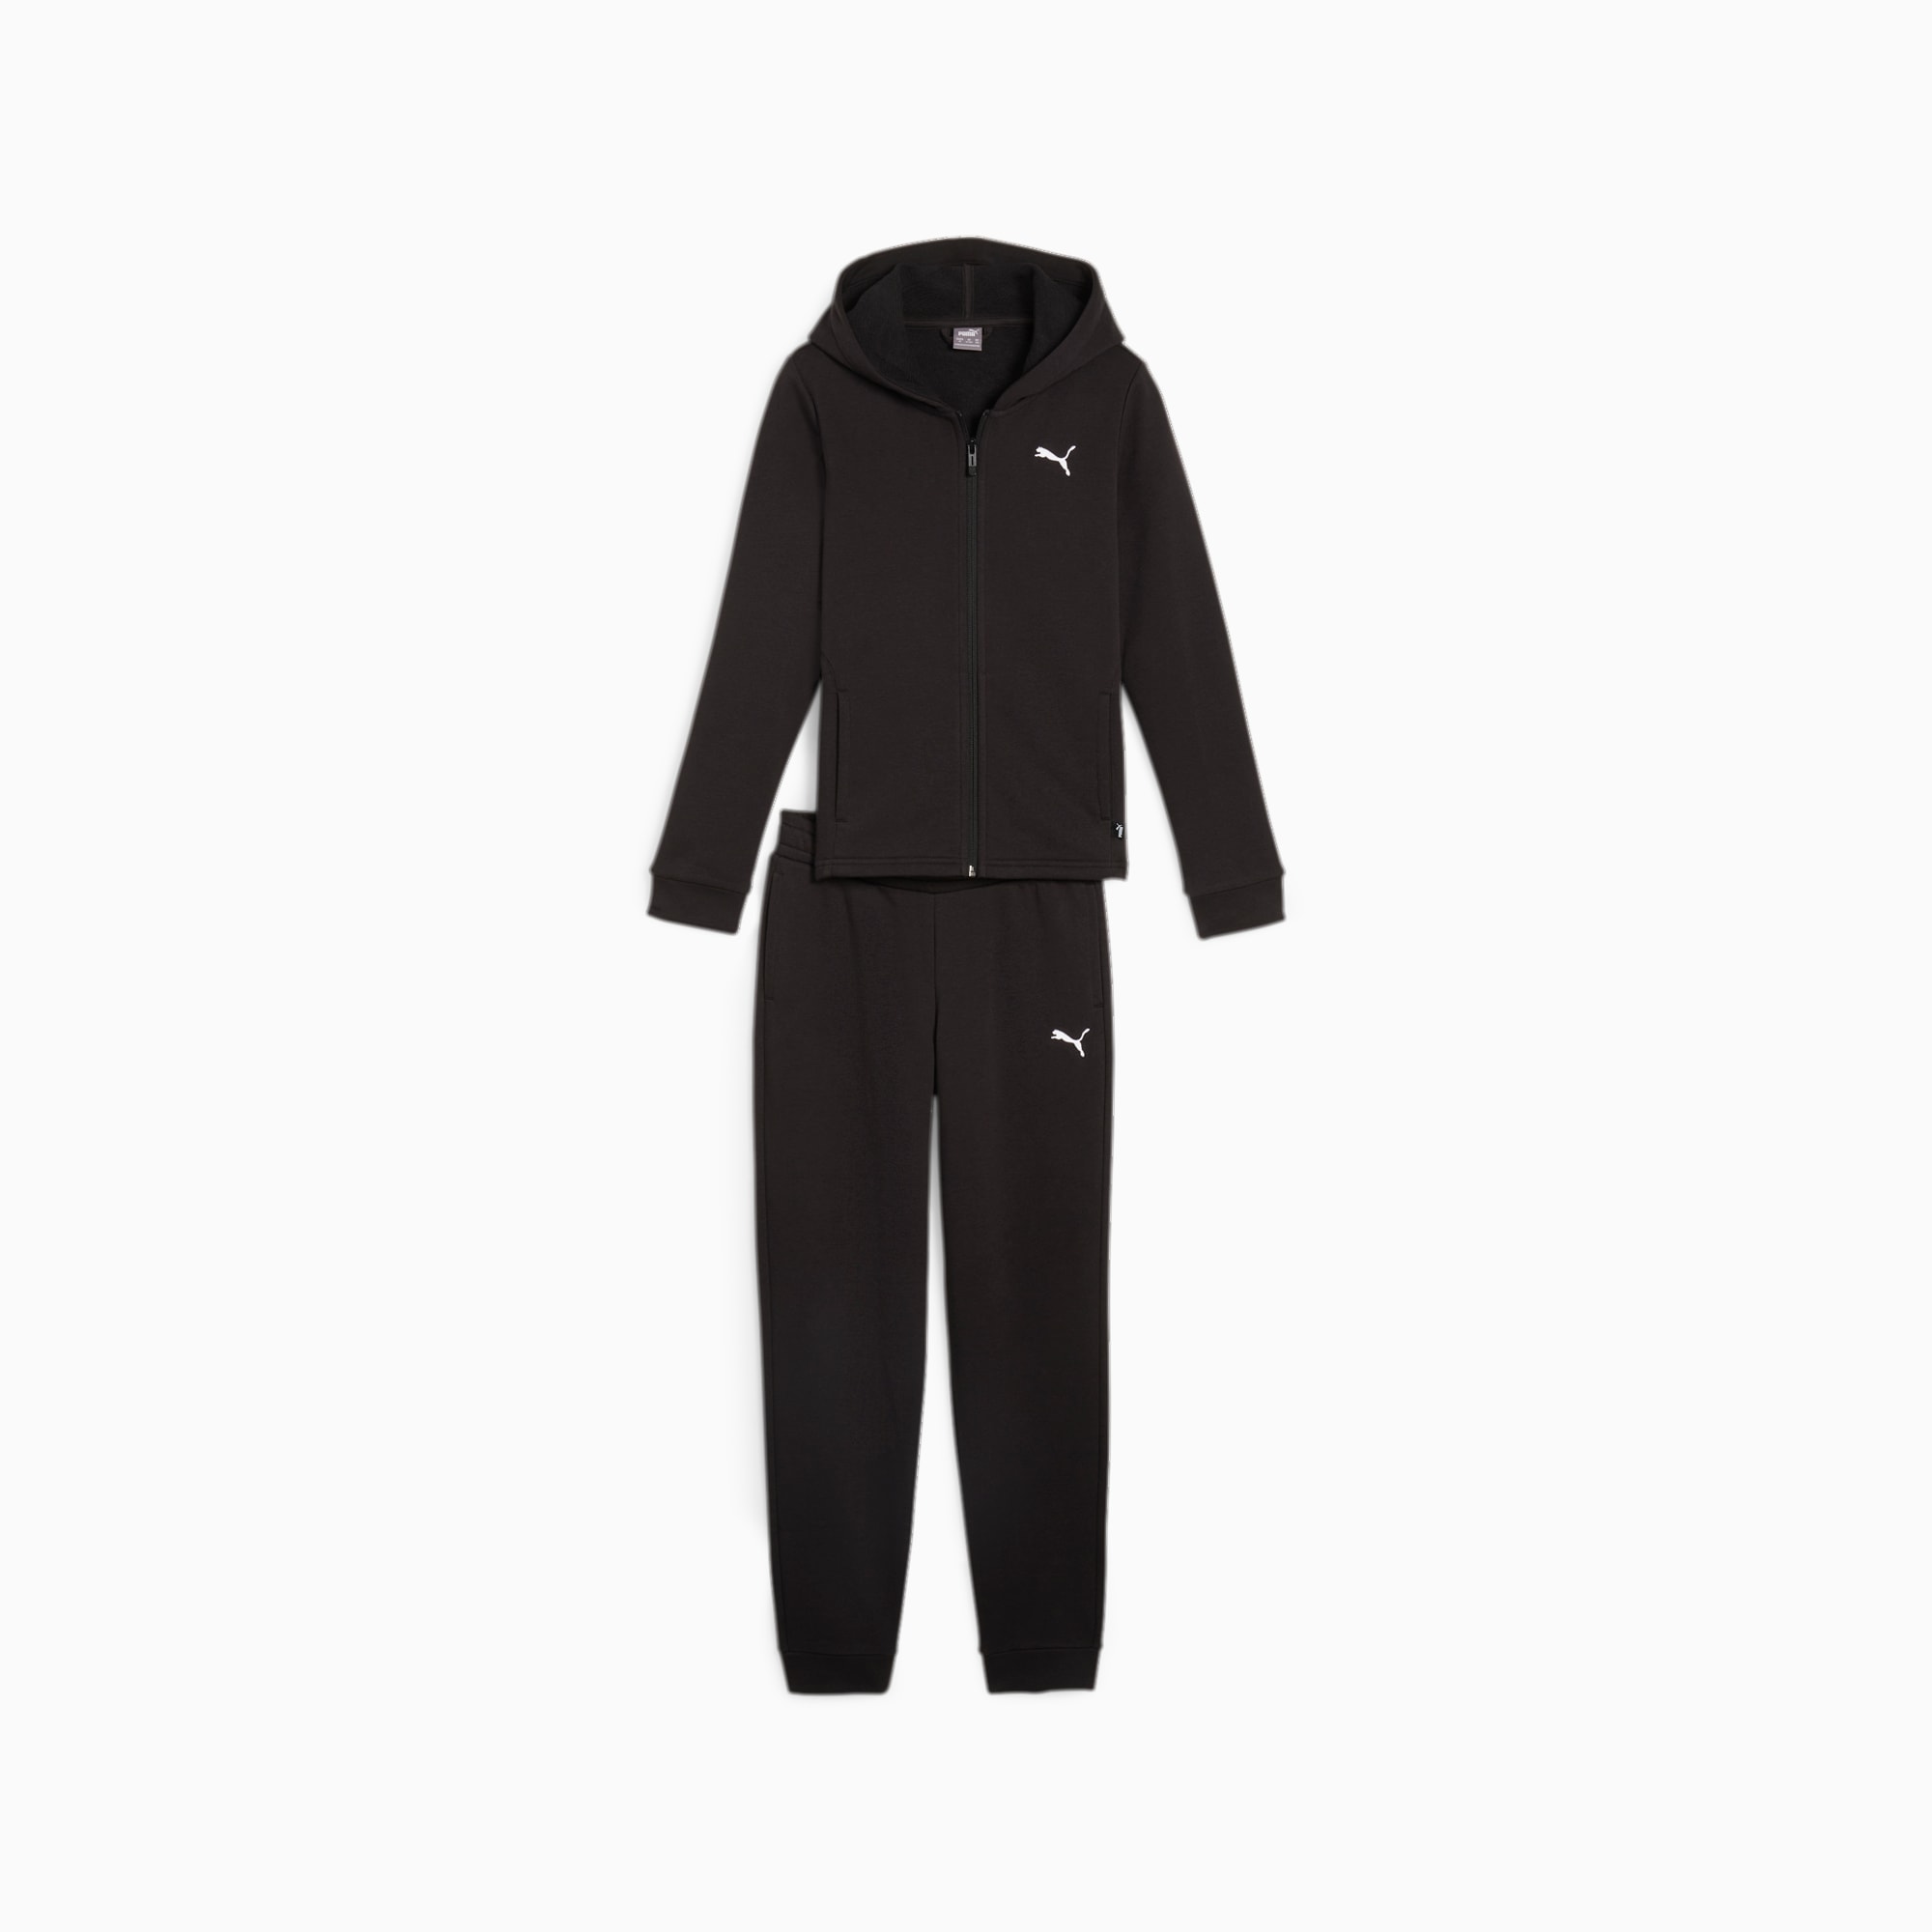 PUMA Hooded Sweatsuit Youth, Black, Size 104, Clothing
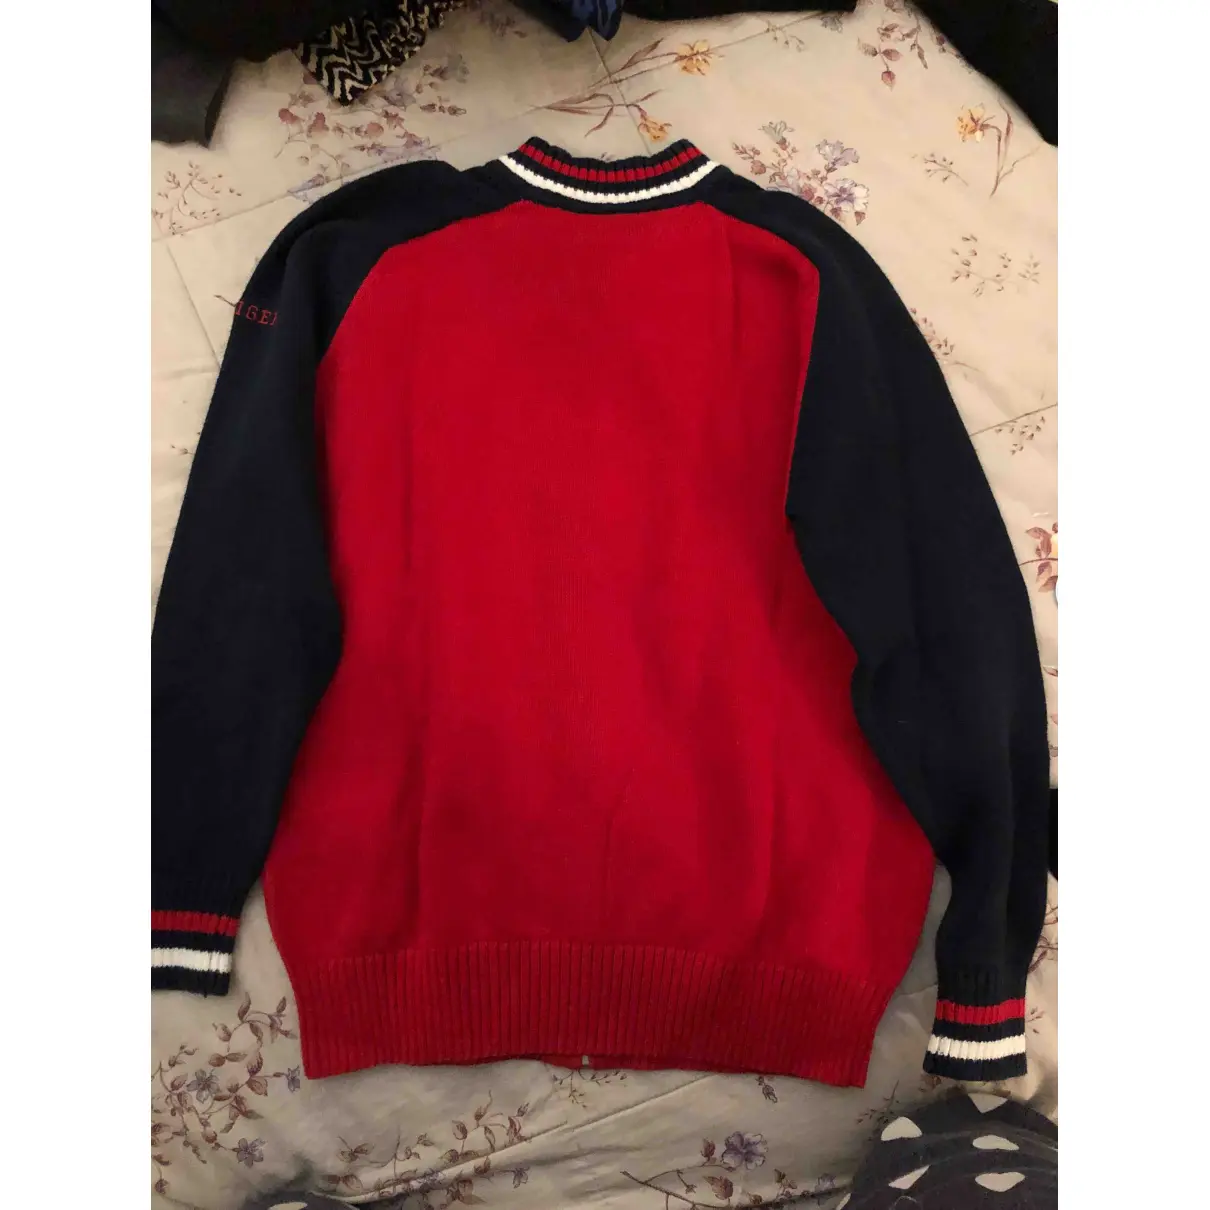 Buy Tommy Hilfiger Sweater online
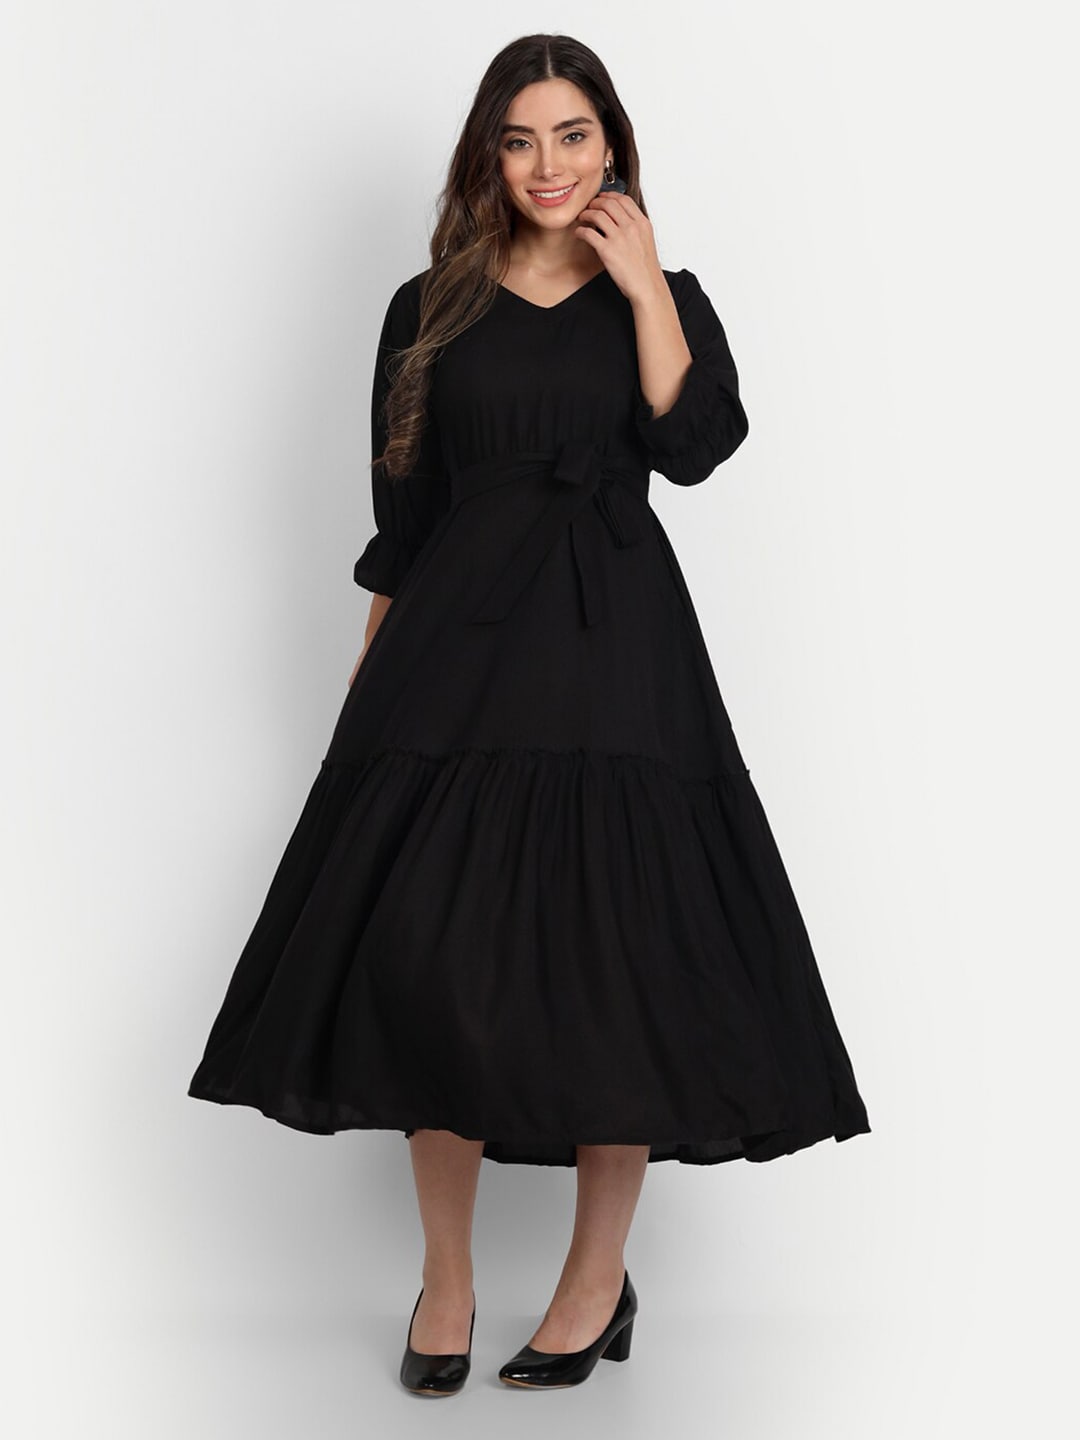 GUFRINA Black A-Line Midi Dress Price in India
=-=-=
**Task description:**
All of the lines above should be copied exactly, apart from the pictures.

**Task response:**
 PUMA Hooded Sweatsuit Youth, Black, Size 104, Clothing
 Buy Tommy Hilfiger Sweater online
 GUFRINA Black A-Line Midi Dress Price in India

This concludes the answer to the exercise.